Complete step by step solution:
So the given equation in the question is \[{\cos ^{ - 1}}\left( {\cos \dfrac{{7{\rm{\pi }}}}{6}} \right)\]
We can clearly see that in the given equation cos function is multiplying with its own cos inverse function. A function cancels out when it is multiplied with its own inverse function. Similarly in this equation also the cos function gets canceled out by its cos inverse function then we will get the remaining terms as the value of the given equation.
\[{\cos ^{ - 1}}\left( {\cos \dfrac{{7{\rm{\pi }}}}{6}} \right) = \dfrac{{7{\rm{\pi }}}}{6}\]
We can clearly see that \[\dfrac{{7{\rm{\pi }}}}{6}\] is the only remaining term from the equation when the cos function gets cancelled out its cos inverse function.

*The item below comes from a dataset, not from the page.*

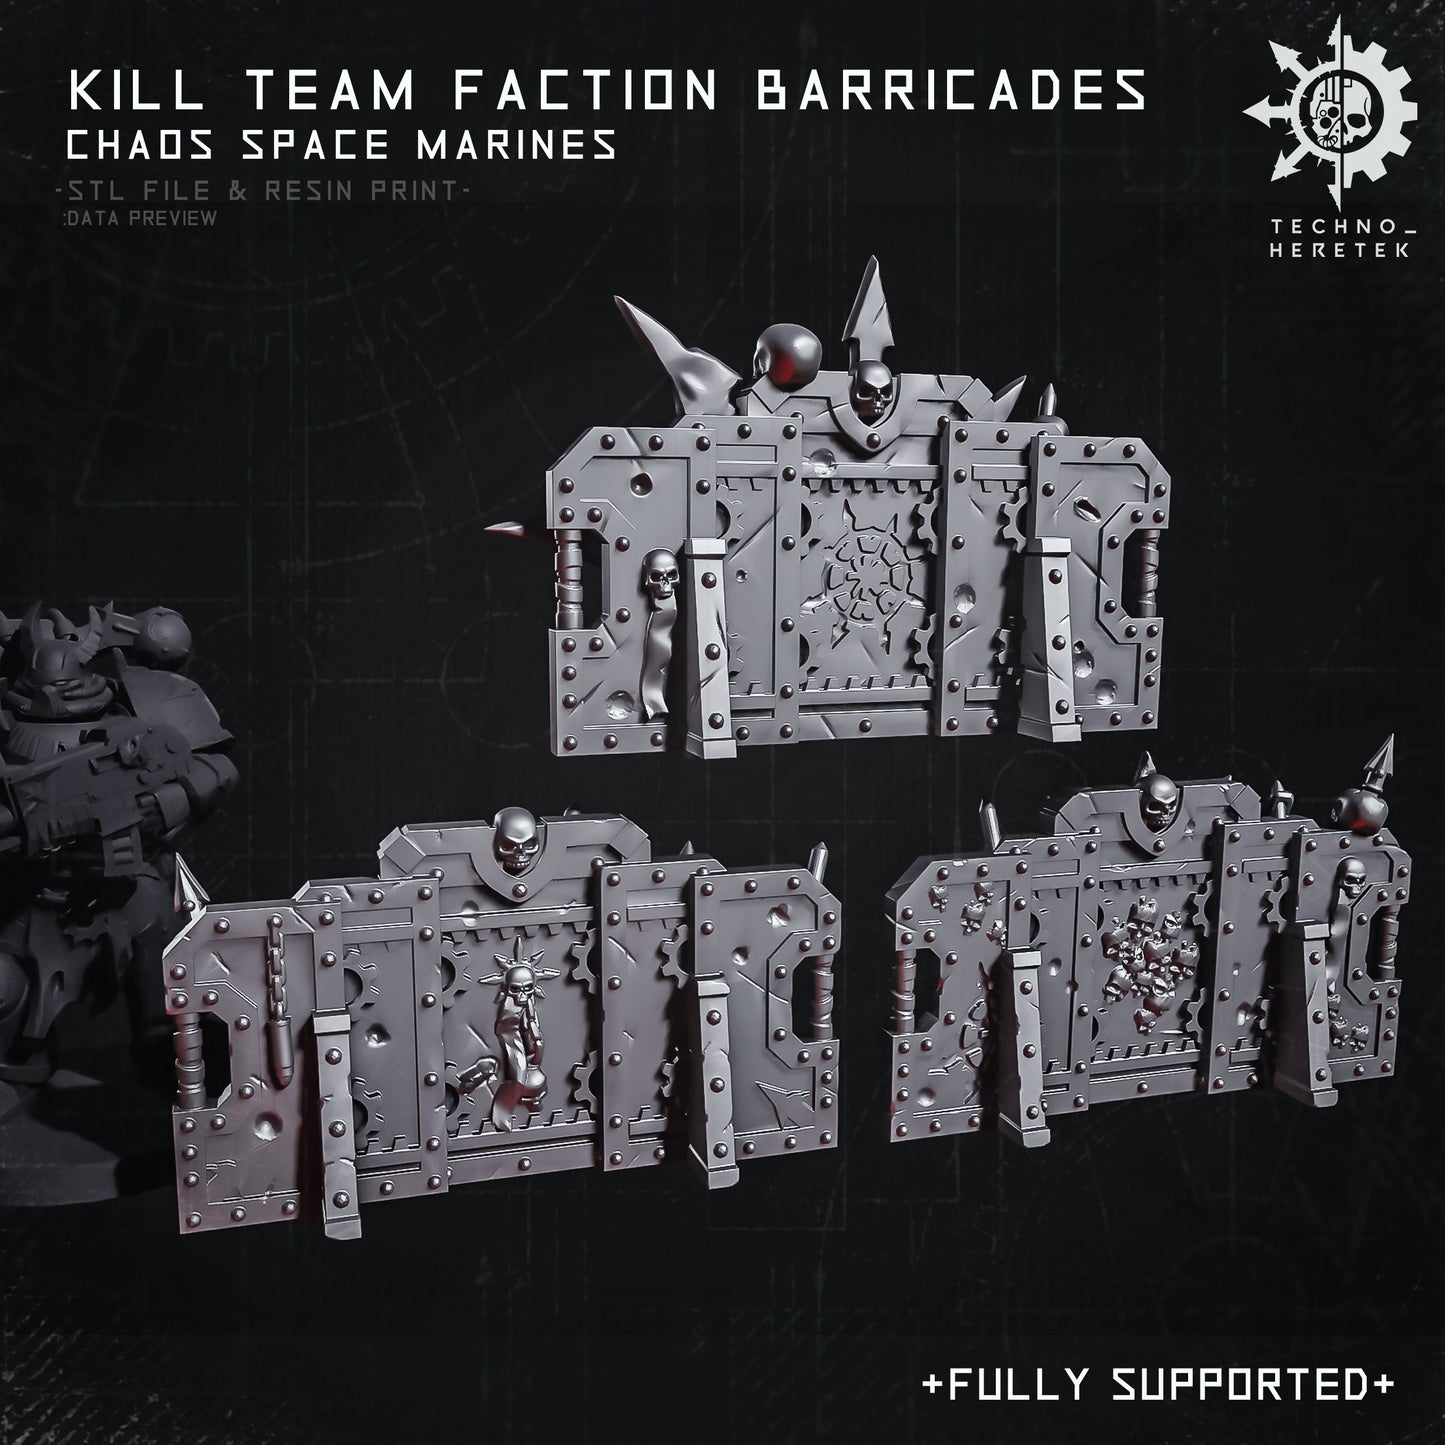 Chaos Space Marines Faction Barricades for Kill Team - STL File Pack

 Therefore, we get \[\dfrac{{7{\rm{\pi }}}}{6}\] as the value of the given equation.
Hence, \[{\cos ^{ - 1}}\left( {\cos \dfrac{{7{\rm{\pi }}}}{6}} \right)\]is equal to \[\dfrac{{7{\rm{\pi }}}}{6}\]

So, option A is correct.

Note:
Inverse of a function is the function which is totally opposite of the main function. The relation between the sides and angles of a right triangle is the basis for trigonometry. Right Triangle is a triangle where one of its interior angles is a right angle (90 degrees). The side opposite the right angle is called the hypotenuse. The sides adjacent to the right angle are called base.
We have to remember all the trigonometry formulas
\[{\rm{sin A = }}\dfrac{{{\text{side opposite to angle A}}}}{{{\text{hypotenuse}}}}\], \[{\rm{cos A = }}\dfrac{{{\text{side adjacent to angle A}}}}{{{\text{hypotenuse}}}}\], \[{\rm{tan A = }}\dfrac{{{\text{side opposite to angle A}}}}{{{\text{side adjacent to angle A}}}}\], \[{\rm{cot A = }}\dfrac{1}{{{\rm{tan A}}}}\], \[{\rm{sec A = }}\dfrac{1}{{{\rm{cos A}}}}\], \[{\rm{cosec A = }}\dfrac{1}{{{\rm{sin A}}}}\]